# [EXERCISE PROMPT]
Only one stretch of the listing below is wanted. Begin at the line that has "Спортивный костюм адидас", stop after the line that has "Dr. Grandel Sensicode", and repeat every line in between exactly.

# [TASK INPUT]
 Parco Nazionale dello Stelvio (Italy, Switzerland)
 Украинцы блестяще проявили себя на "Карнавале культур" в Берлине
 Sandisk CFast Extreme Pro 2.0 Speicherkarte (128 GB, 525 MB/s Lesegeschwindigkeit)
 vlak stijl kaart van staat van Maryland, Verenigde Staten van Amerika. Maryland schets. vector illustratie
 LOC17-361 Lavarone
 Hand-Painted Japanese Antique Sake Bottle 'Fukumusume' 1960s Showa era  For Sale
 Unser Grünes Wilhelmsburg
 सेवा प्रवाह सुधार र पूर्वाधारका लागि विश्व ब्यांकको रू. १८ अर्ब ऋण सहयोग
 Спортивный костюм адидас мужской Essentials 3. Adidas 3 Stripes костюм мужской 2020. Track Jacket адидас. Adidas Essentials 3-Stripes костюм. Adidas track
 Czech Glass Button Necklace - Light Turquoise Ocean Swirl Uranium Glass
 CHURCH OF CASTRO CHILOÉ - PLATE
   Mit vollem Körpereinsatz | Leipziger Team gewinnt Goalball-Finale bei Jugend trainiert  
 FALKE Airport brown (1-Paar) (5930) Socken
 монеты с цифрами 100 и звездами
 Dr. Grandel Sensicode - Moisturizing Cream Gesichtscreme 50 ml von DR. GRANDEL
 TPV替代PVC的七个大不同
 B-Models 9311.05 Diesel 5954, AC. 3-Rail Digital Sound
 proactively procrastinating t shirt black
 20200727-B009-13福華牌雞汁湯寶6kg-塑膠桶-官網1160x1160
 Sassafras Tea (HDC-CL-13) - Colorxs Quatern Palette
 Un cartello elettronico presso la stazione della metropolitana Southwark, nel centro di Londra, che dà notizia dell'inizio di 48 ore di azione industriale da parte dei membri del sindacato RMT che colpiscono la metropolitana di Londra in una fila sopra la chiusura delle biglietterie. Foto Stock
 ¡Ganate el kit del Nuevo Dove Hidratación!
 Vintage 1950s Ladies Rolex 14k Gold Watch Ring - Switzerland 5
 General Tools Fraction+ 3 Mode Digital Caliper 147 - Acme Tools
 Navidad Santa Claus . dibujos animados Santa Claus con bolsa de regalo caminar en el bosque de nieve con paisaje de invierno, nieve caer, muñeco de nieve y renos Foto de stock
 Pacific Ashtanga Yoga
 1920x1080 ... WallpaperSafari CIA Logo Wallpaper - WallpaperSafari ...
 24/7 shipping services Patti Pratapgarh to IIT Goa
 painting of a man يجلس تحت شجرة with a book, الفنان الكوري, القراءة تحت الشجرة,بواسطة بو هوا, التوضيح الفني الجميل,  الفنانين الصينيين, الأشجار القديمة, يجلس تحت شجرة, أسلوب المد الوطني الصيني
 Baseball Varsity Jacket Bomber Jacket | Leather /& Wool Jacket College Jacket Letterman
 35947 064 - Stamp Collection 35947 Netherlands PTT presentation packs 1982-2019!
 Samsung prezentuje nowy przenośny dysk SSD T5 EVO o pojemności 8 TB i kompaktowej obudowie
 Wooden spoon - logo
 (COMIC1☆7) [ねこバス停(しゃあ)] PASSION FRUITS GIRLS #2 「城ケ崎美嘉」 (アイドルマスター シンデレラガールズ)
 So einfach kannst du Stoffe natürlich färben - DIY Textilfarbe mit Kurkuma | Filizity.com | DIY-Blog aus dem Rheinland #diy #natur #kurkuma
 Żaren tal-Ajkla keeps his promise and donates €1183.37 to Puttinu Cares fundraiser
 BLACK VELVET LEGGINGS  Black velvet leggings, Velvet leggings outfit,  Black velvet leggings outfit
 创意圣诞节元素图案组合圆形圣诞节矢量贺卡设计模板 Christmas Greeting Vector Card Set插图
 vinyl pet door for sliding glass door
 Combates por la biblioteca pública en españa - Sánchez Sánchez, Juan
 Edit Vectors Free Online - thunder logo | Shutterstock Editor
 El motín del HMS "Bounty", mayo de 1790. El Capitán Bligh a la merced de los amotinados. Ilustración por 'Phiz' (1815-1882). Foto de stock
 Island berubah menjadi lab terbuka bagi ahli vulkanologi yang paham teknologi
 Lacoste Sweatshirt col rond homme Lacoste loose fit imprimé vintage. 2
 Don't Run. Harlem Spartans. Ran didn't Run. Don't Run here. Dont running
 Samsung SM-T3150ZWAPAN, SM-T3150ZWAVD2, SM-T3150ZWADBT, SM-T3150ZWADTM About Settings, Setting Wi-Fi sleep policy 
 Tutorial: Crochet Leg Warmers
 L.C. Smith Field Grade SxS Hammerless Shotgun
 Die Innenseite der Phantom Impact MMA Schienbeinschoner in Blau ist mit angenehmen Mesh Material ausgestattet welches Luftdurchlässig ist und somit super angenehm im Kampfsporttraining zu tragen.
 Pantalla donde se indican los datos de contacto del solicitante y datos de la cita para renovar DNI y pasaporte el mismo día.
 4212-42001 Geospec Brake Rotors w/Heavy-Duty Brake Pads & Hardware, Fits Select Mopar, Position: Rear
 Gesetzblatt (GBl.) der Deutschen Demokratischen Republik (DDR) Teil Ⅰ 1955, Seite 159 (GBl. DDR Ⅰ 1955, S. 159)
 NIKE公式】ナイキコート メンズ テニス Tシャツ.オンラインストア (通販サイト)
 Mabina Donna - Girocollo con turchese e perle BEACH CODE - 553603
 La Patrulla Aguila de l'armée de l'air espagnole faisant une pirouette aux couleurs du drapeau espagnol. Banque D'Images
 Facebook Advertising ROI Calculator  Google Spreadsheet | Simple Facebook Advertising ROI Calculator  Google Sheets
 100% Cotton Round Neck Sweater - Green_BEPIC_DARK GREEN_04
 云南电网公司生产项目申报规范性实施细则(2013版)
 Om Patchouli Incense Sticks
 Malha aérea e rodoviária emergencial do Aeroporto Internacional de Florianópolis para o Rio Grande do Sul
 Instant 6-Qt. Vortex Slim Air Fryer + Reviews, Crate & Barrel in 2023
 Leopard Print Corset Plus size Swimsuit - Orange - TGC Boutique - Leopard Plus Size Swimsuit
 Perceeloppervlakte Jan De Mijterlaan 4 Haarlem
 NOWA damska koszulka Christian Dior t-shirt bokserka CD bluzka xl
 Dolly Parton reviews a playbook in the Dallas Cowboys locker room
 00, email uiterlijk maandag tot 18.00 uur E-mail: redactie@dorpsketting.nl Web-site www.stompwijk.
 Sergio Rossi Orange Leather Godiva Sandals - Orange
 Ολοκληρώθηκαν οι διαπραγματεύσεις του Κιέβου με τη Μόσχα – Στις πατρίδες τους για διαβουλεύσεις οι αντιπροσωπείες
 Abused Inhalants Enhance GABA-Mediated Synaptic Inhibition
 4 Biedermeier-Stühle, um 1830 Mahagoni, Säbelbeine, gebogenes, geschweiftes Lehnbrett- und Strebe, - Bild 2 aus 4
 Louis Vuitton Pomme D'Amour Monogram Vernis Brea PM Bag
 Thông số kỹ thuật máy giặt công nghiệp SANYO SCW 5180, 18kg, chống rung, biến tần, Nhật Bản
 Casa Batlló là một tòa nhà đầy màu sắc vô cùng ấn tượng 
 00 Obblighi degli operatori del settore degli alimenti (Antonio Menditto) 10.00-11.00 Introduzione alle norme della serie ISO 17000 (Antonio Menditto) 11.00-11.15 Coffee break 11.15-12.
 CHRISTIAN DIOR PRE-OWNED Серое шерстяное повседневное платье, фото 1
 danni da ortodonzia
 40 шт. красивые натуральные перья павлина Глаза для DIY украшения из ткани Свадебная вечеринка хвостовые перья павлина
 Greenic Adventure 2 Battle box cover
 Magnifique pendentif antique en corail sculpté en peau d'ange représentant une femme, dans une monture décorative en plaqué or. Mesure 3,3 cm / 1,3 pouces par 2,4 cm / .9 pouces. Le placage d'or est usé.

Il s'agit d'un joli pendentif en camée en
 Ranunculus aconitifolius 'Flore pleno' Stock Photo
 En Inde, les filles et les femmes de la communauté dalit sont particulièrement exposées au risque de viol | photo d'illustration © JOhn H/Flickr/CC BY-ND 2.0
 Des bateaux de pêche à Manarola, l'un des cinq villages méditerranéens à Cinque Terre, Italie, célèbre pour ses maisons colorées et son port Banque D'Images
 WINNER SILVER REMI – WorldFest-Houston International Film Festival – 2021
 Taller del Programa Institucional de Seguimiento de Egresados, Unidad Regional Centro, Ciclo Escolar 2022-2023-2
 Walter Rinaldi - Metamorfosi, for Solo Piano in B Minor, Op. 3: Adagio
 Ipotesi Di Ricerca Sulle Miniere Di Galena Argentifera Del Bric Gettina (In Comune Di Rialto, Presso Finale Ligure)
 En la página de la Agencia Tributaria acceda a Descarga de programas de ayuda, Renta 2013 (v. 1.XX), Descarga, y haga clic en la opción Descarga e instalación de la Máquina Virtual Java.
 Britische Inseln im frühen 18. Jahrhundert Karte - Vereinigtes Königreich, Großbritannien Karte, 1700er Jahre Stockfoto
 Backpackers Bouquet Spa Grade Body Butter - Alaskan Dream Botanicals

# [EXERCISE ANSWER]
 Спортивный костюм адидас мужской Essentials 3. Adidas 3 Stripes костюм мужской 2020. Track Jacket адидас. Adidas Essentials 3-Stripes костюм. Adidas track
 Czech Glass Button Necklace - Light Turquoise Ocean Swirl Uranium Glass
 CHURCH OF CASTRO CHILOÉ - PLATE
   Mit vollem Körpereinsatz | Leipziger Team gewinnt Goalball-Finale bei Jugend trainiert  
 FALKE Airport brown (1-Paar) (5930) Socken
 монеты с цифрами 100 и звездами
 Dr. Grandel Sensicode - Moisturizing Cream Gesichtscreme 50 ml von DR. GRANDEL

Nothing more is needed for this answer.